Archive for the ‘moxie’ Category

Fetching instructions

Tuesday, September 7th, 2010

Moxie requires some interesting instruction fetch logic.

For my initial implementation I’m assuming a 32-bit path to instruction memory. But moxie has both 16- and 48-bit instructions, so it’s not like simple RISC cores that can feed the pipeline on every cycle. My solution is to feed 32-bit instruction memory words into a Instruction FIFO. 16- and 48-bit instructions pop out of the other end of the FIFO on every cycle (or a NOP bubble when we’re waiting for the last 16 bits of a 48-bit instruction). My initial Instruction FIFO is 64-bits long. From my simple testing it looks like this does a reasonable job of keeping the instruction memory path busy, and issuing instructions as often as possible (I’m just eyeballing the gtkwave output, reproduced below). I can experiment with a longer Instruction FIFO later.

This image shows a few signals from the Instruction FIFO. valid_o tells us that we’re popping off a valid instruction from the FIFO, whereas full_o tells us not to write any data to the FIFO because it’s full. So far, so good – decoupling the fetching of instruction memory from the rest of the pipeline is obviously the right thing to do.

One more complication that I’m going to punt on for now is PC tracking. Eventually we’ll want to pass the PC down the pipeline so we get accurate exception addresses. Tracking the PC through the Instruction FIFO is just one more little complication that I’ll tackle after I make more progress on the rest of the microarchitecture.

I’ve only done some behavioral simulation so far, but I believe the code is synthesizable. The code is in github here: http://bit.ly/9yVQ7U. Running make should build everything, then just run “a.out”.

Note that I’m using magic instruction memory: an array populated with a hello world app built like so…
$ moxie-elf-gcc -o hello.x -O2 hello.c -Tsim.ld
$ moxie-elf-objcopy -O verilog hello.x hello.vh

And the verilog simulator reads hello.vh directly. Pretty cool!

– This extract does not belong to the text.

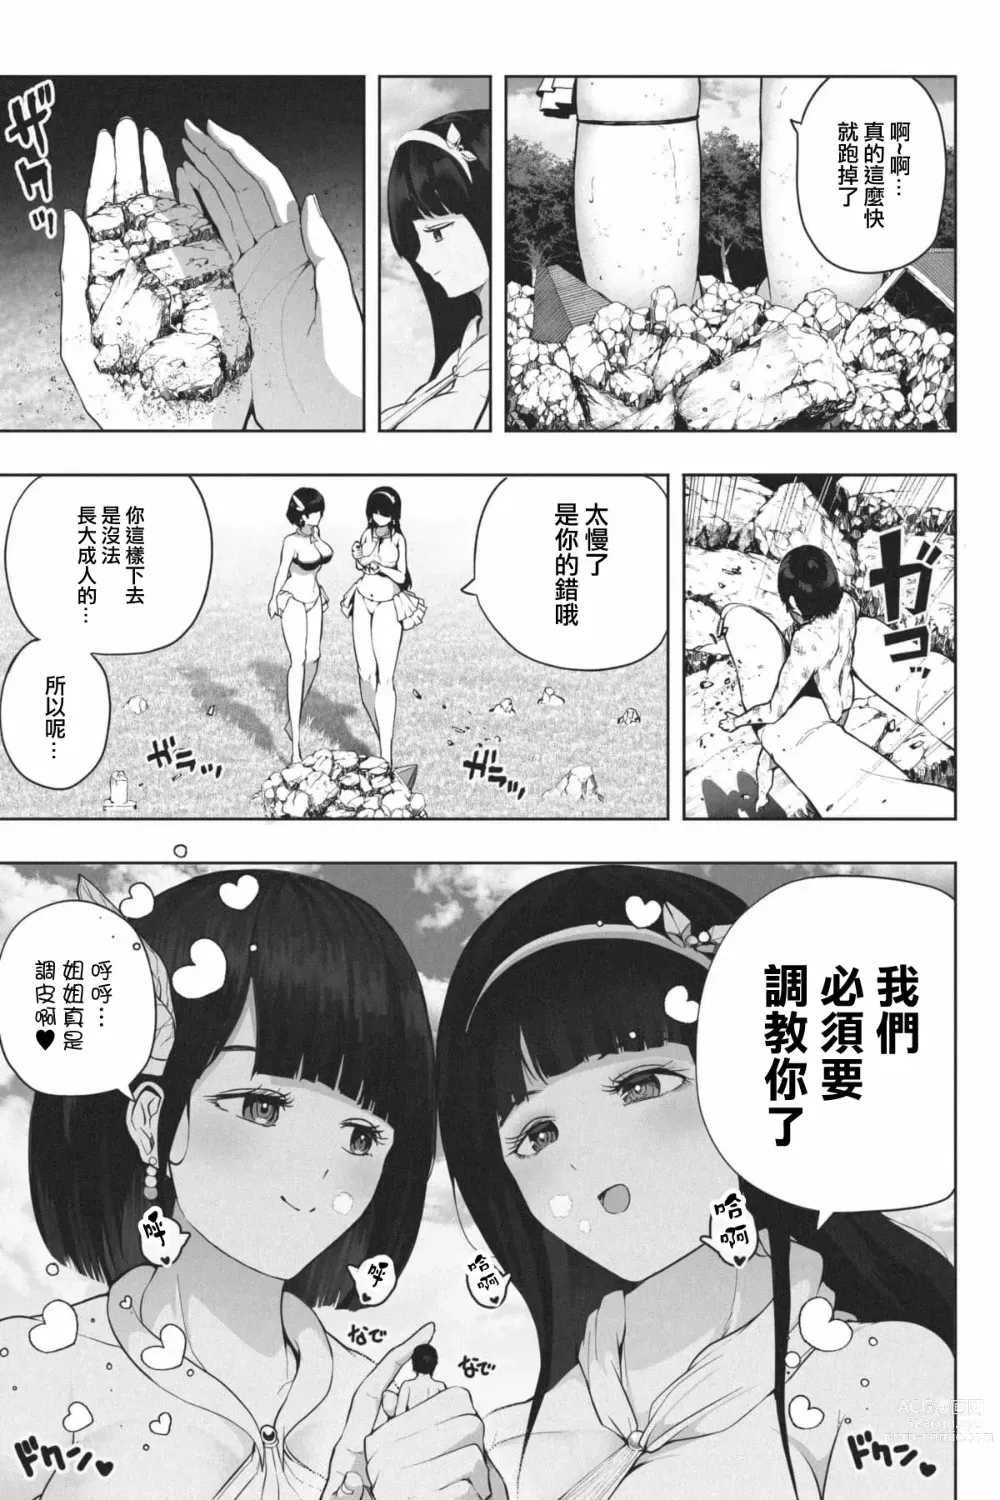 Page 17 of doujinshi 歡迎來到巨人島

(I just realized I wrote about fetching instructions almost 18 months ago – that took too long!)

Still hacking…

Tuesday, May 11th, 2010

…Just in case you were wondering!

But it’s been slow going. The good news is that moxie is front and centre for me again, so let’s see what we can do over the next few weeks. And over these next few weeks I’m promising myself not to touch a C compiler until the moxie HDL code starts executing a few instructions.

Half Dome at Yosemite

In other news, I visited one of my favourite places this past weekend. Yosemite is a great place to reset. Go there!

Summer is over, so put away the white pants and start submitting patches!

Thursday, September 10th, 2009

It’s been a while since my last update. What can I say… summer was nice.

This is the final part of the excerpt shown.